#### Supplied data
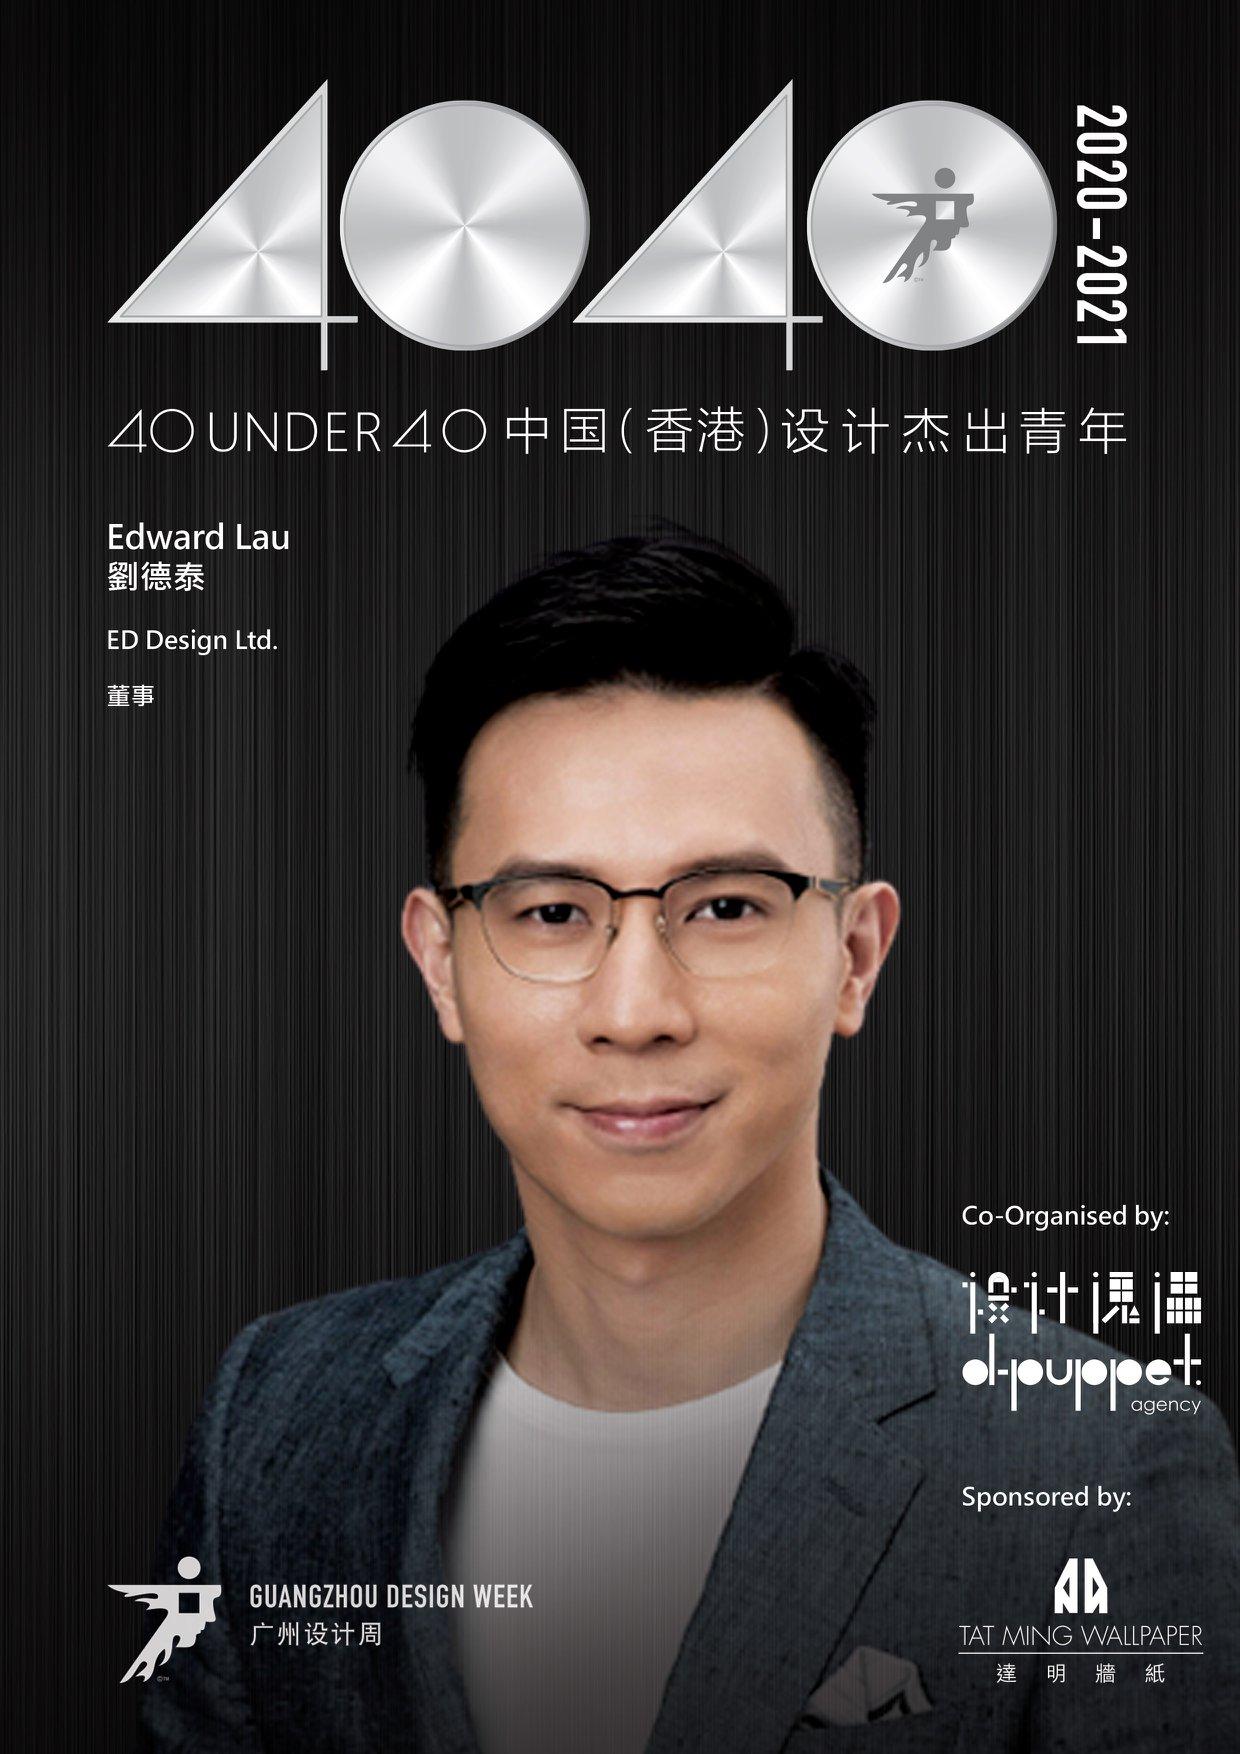 21 Edward荣获2020-2021届40 under 40中国(香港)设计杰出青年.jpg
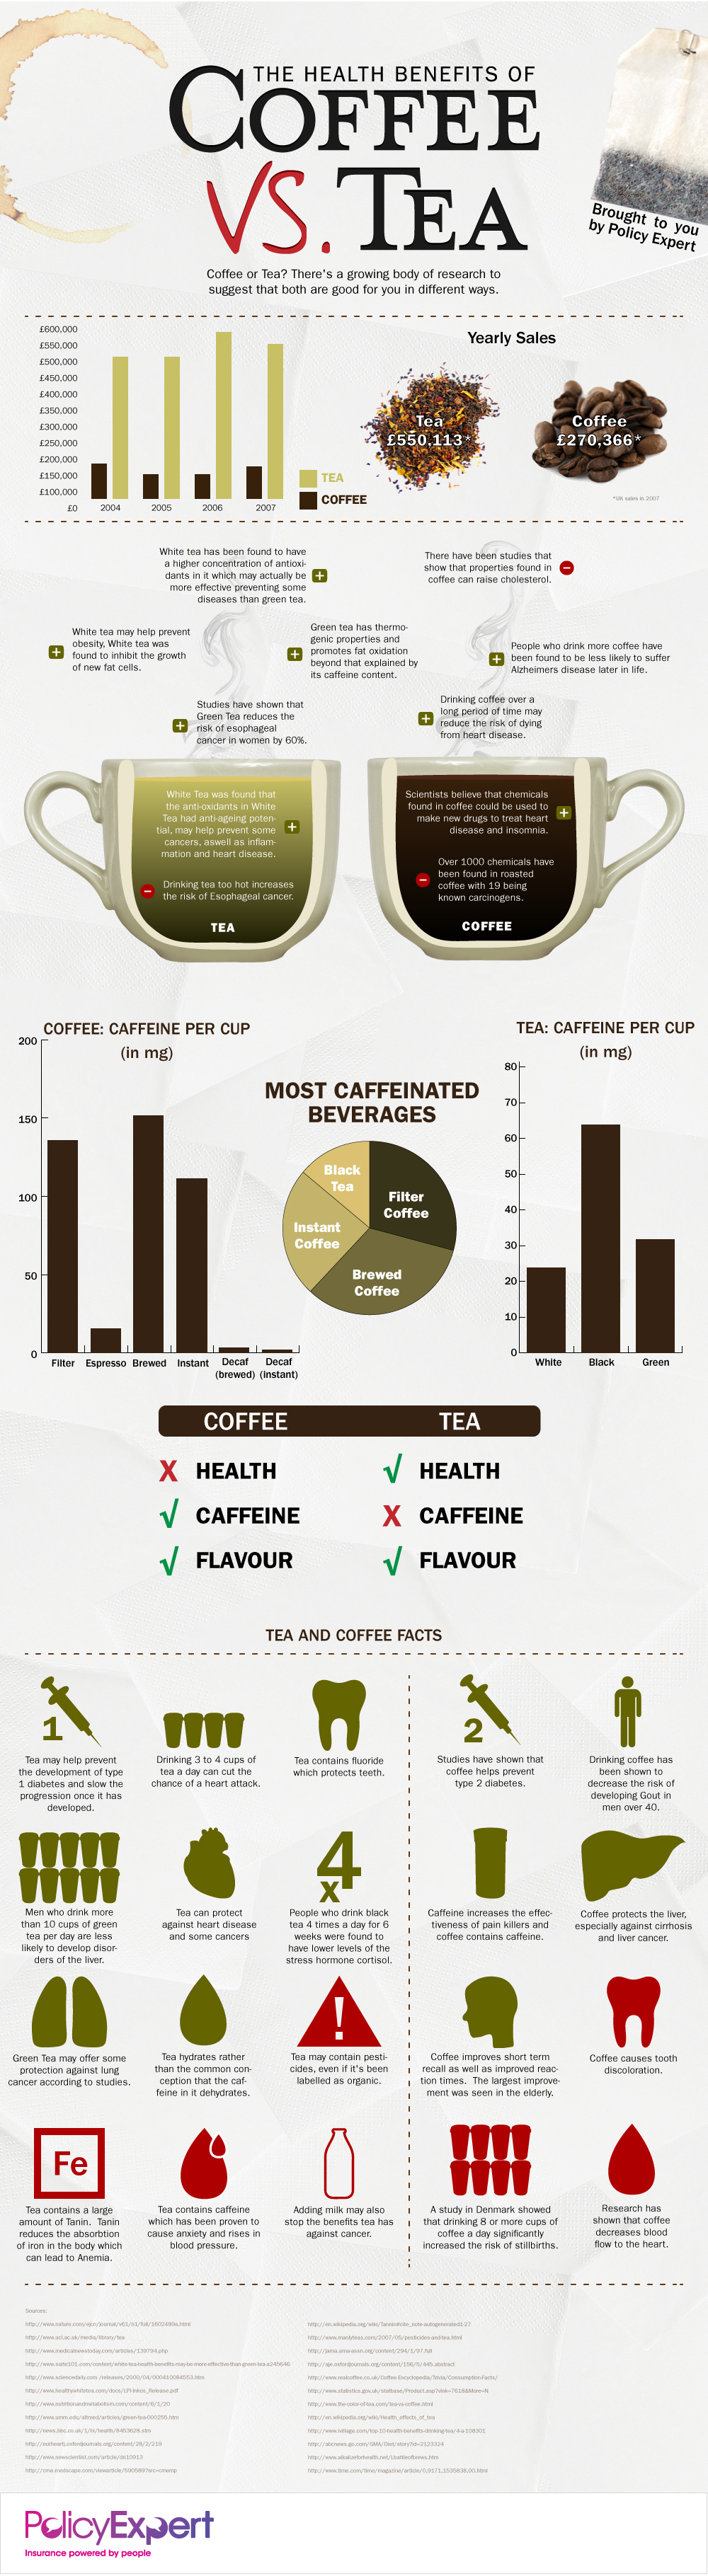 04 the-health-benefits-of-coffee-vs-tea_50290b546445d
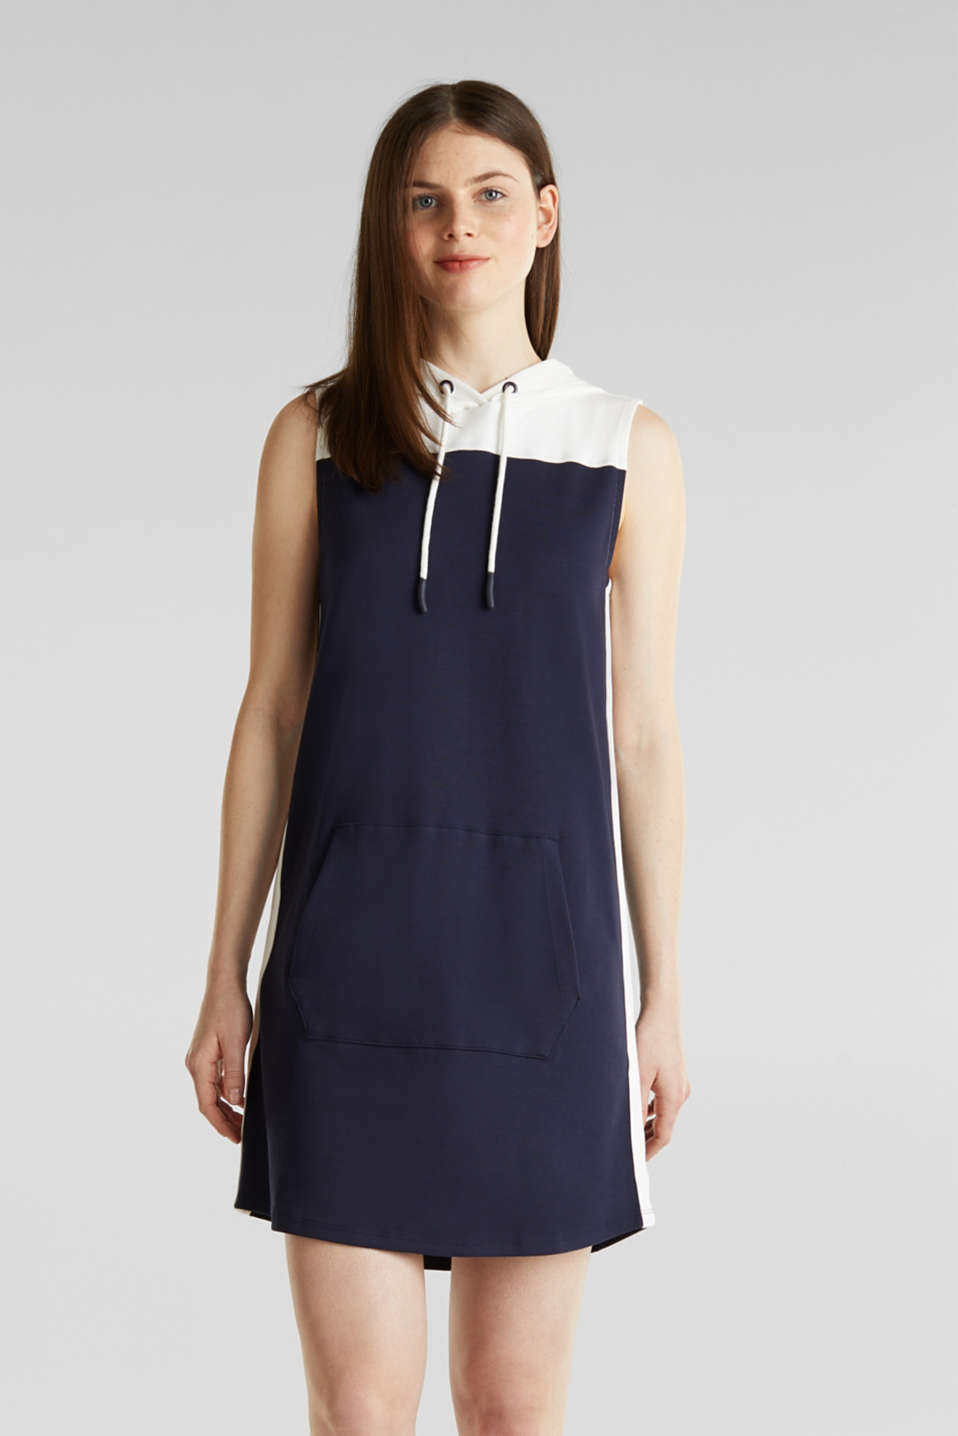 Hooded sweatshirt fabric dress, NAVY, detail image number 6

#### Your instructions
An exact copy of the listing is needed, minus its pictures.

#### Answer section
 21 Edward荣获2020-2021届40 under 40中国(香港)设计杰出青年.jpg
 04 the-health-benefits-of-coffee-vs-tea_50290b546445d
 Hooded sweatshirt fabric dress, NAVY, detail image number 6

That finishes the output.